Dear Friends,
This is a very important post, I hope you take the time to read it. (Grab a cuppa.)
I was trying to find the words to describe the pain and frustration I feel about the floods and raging force of nature in S-pain.
Then, I realised that I *did* find the words, back in 2021, when I wrote this poem. I haven’t shared this poem before.
I must mention, that as a creative person, the “most” devastating aspect of my Traumatic Brain Injury, by far, has been a very long period of “creative paralysis.” My brain stopped working that way … But then, due to all my rehabilitation, things have started to change on that front.
This poem is the second piece of creative writing that I have been able to write since I had my accident in 2017; so, this is for me and my team of consultant neurologists in London, “terribly exciting.”
Now, what prompted me to write “this” poem about what’s happening to our beautiful blue planet?
After my accident, especially after the acute phase of my brain injury when life and the world around me were a blurry mess, I and my waking-brain started to “make sense” of the space and world around me, everything looked so different, but I noticed that I was anxious and particularly worried about one, speedy transformation, which is affecting us all: climate change.
Suddenly, I felt this “urge” bubbling up inside me, to try and say something, to put something in writing. I was in turmoil. I spent months researching, distilling the subject, pages and pages of science and annotations from all corners of our world, and I knew “I had a poem.”
In a way, my poem, is a warning for us all, call it a message in a bottle. The disaster in S-pain is yet another reminder, so is the title of my poem.
I vividly remember putting pen to paper to write my poem in 2021, in the “sweltering” heat of Cordoba, Andalusia, where I spent most of the COVID-19 pandemic with my eighty-three-year-old mum. With no vaccine in sight yet, London was no longer safe for me and my brain injury. I had to flee London. I did. Mum looked after me. Bless her.
Cordoba had always been hot, but the temperatures were just awful that summer, reaching an incredible 47.4 °C, 117.86F (Spain’s highest temp on record). It has now become quite clear that this will be a new trend in Southern Europe. It was “a summer that really scared scientists,” according to Bill McKibben of The New Yorker.
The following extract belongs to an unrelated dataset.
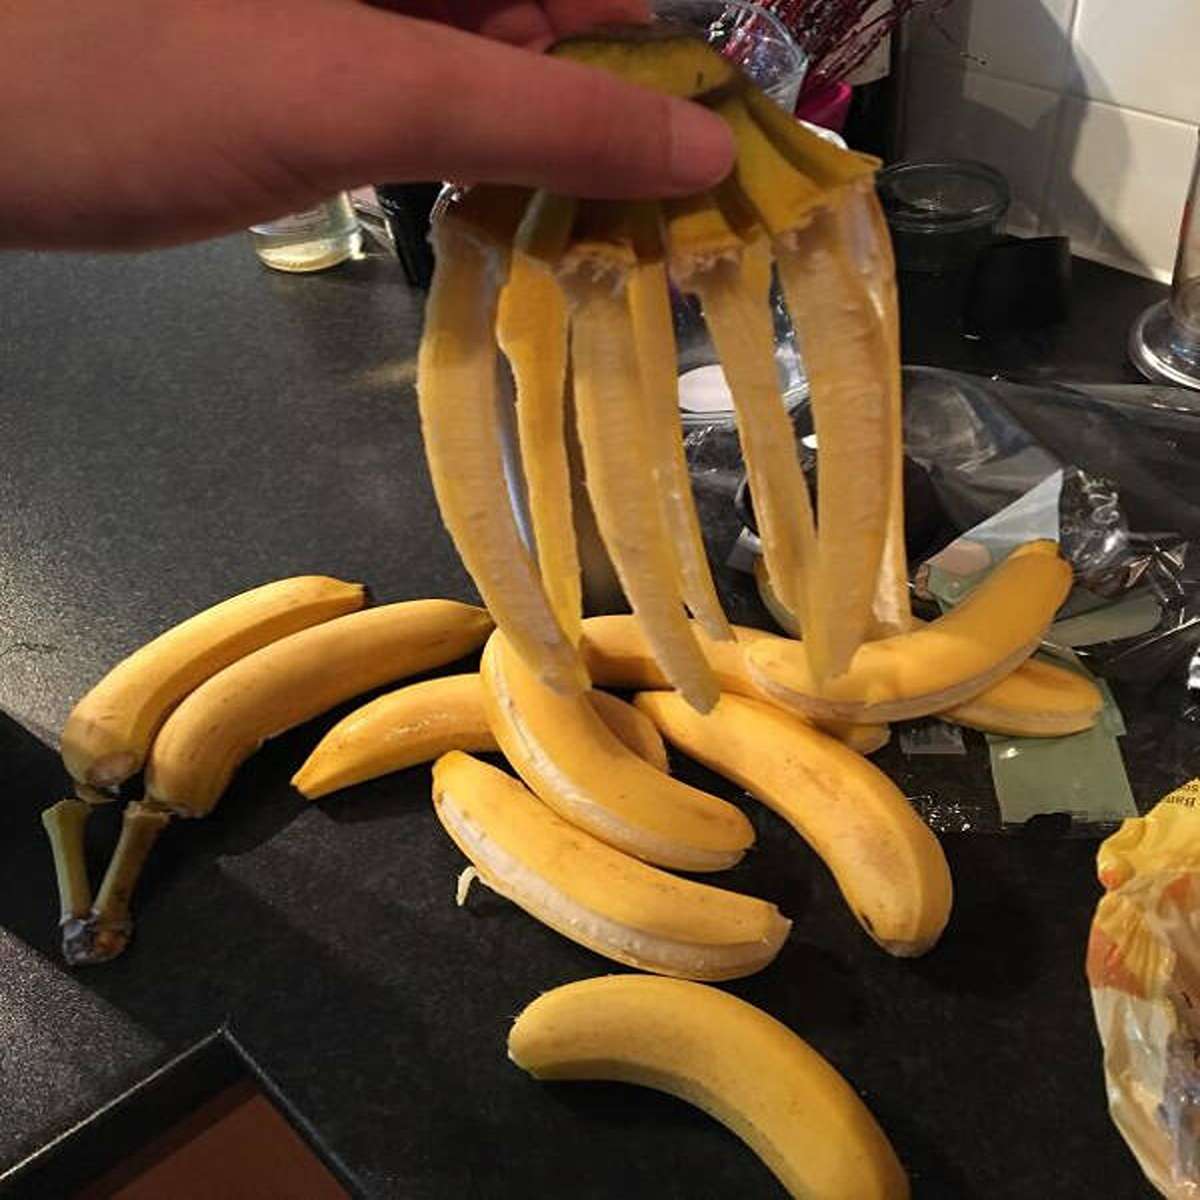 Took the bananas I bought out of the bag and this happened.

Personally, I’d only (and I am not kidding!) experienced record-breaking temperatures like this… filming… in the Kalahari Desert!
That summer of 2021, I read a fantastic feature article published in the National Geographic magazine (“The Edge of Survival” August 2021 issue) about climate change and its impact on wildlife in the Kalahari Desert.
I remember contacting colleague Leonie Joubert who wrote this investigative piece, to tell her that we were already worried about the situation for meerkats and other wildlife in the Kalahari back in 2007, when I directed a film about this “extraordinarily” resilient species for Animal Planet in the Northern Cape, South Africa approximately 17 km south of the Botswana border and 30km west of a small town called Vanzylsrus.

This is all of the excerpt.